## Task directions
Among the records that follow, set down only the lines from the one containing "Ayurvedsutra Vol 06" to the one containing "Borgo de Nor", both included, exactly.

## Record excerpts

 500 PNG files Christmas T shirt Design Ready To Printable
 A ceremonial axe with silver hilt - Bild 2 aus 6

* * *

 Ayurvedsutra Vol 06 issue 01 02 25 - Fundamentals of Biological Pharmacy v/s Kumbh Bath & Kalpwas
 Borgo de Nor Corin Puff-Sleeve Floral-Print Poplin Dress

* * *

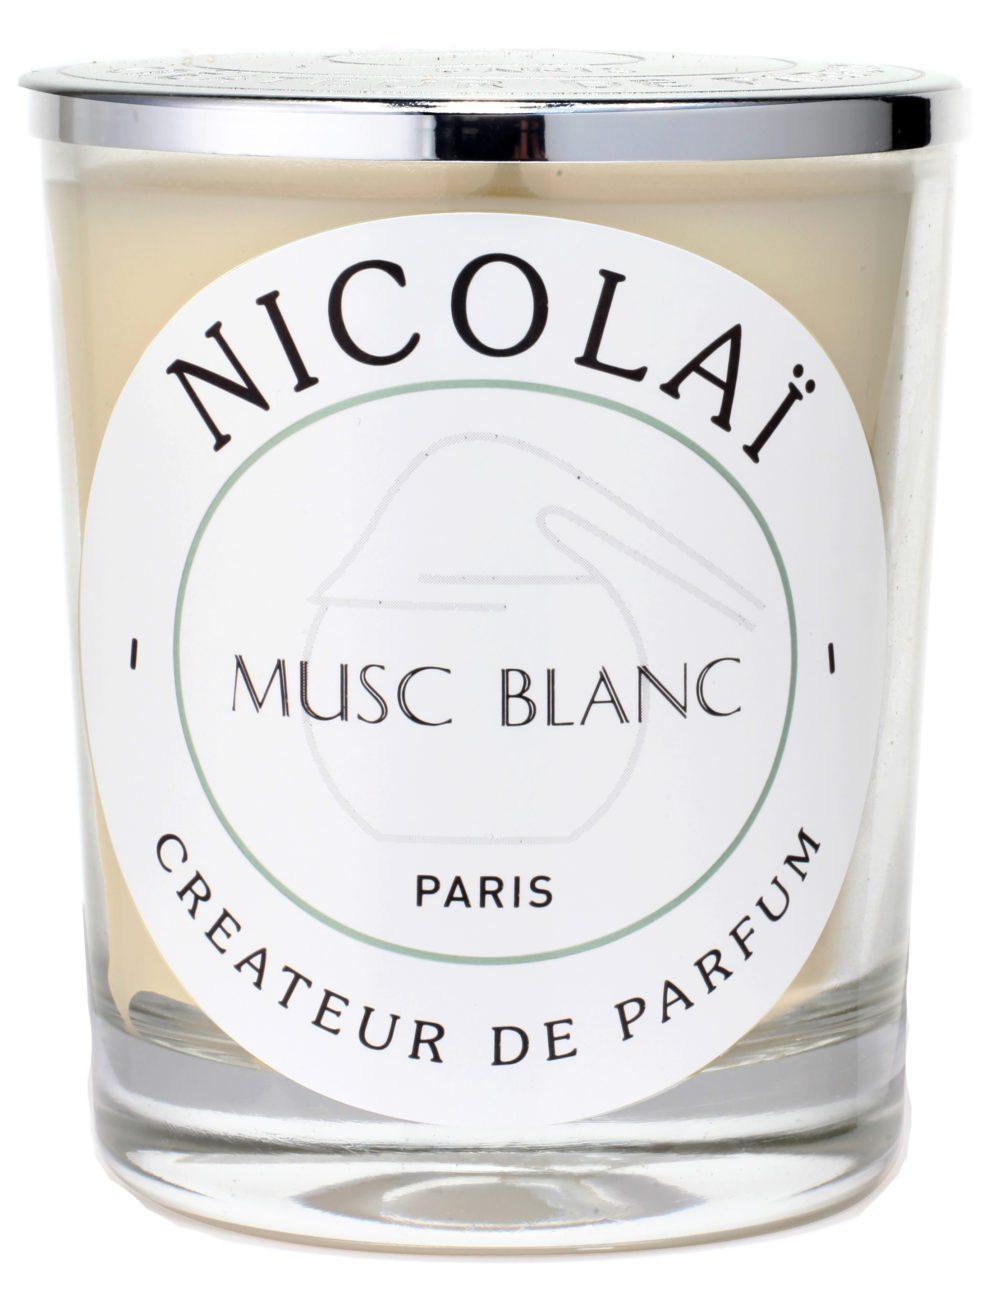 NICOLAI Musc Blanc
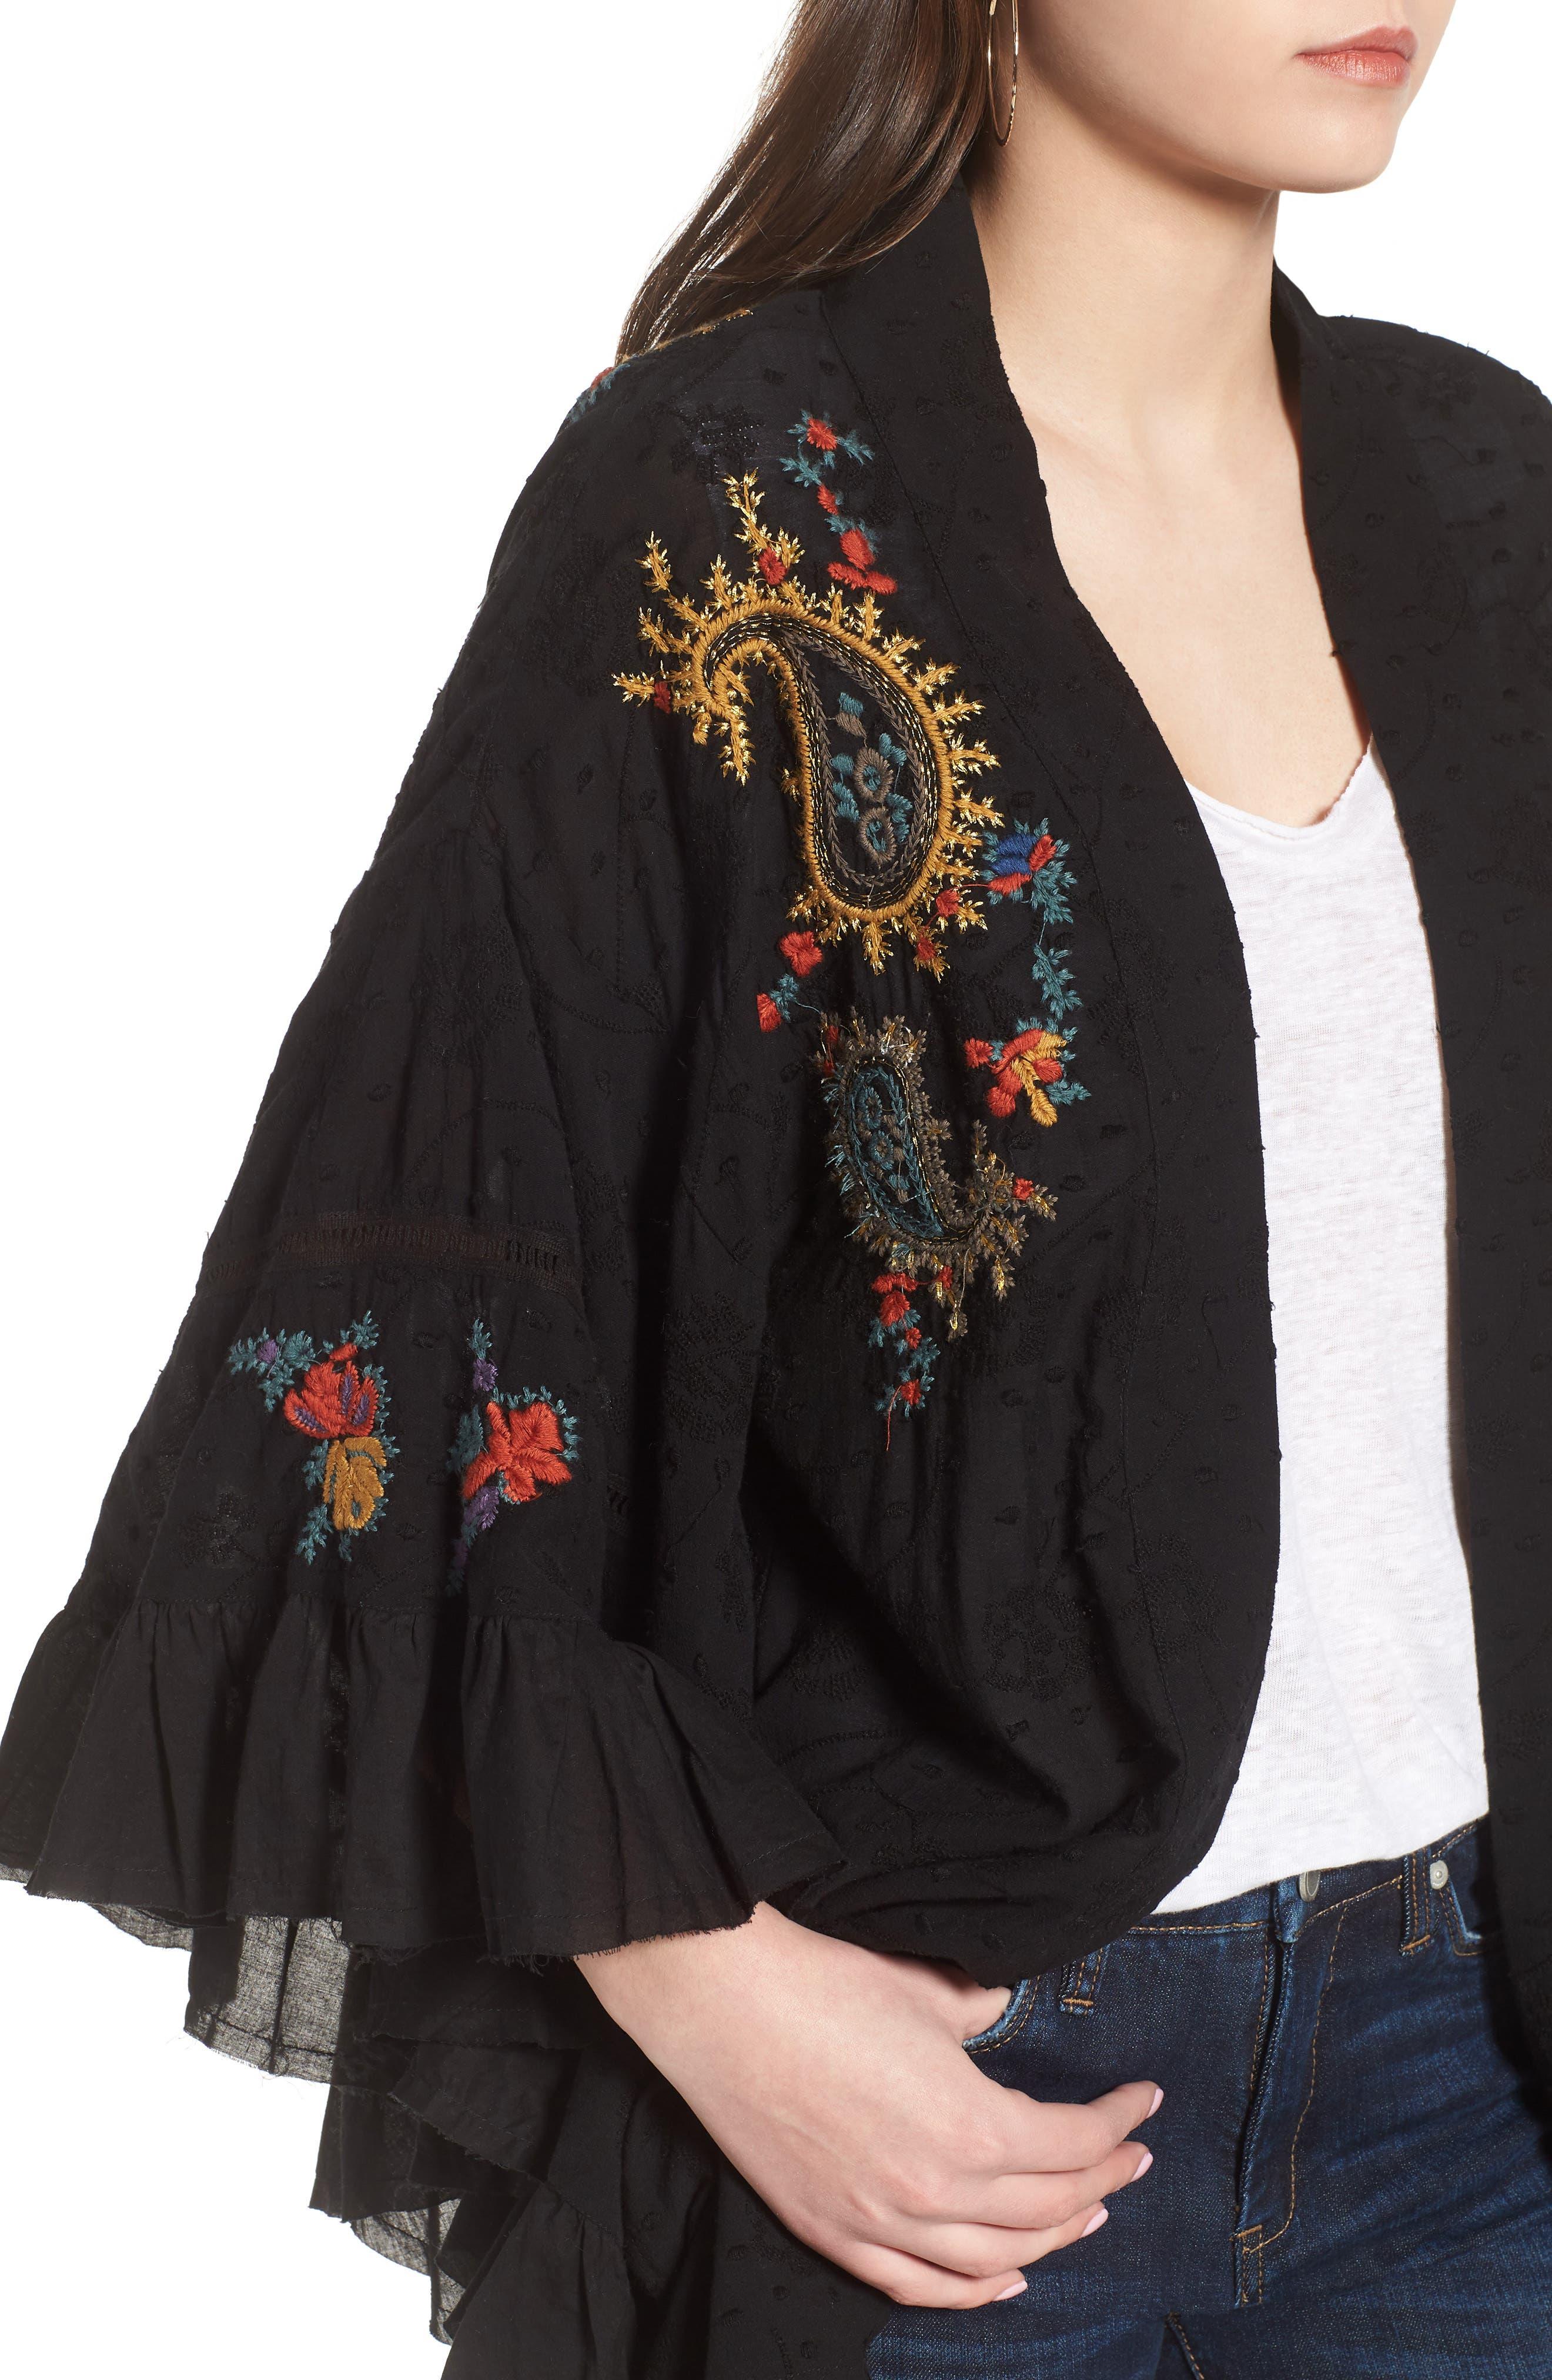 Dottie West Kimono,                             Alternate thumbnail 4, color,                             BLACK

## Task solution
 Ayurvedsutra Vol 06 issue 01 02 25 - Fundamentals of Biological Pharmacy v/s Kumbh Bath & Kalpwas
 Borgo de Nor Corin Puff-Sleeve Floral-Print Poplin Dress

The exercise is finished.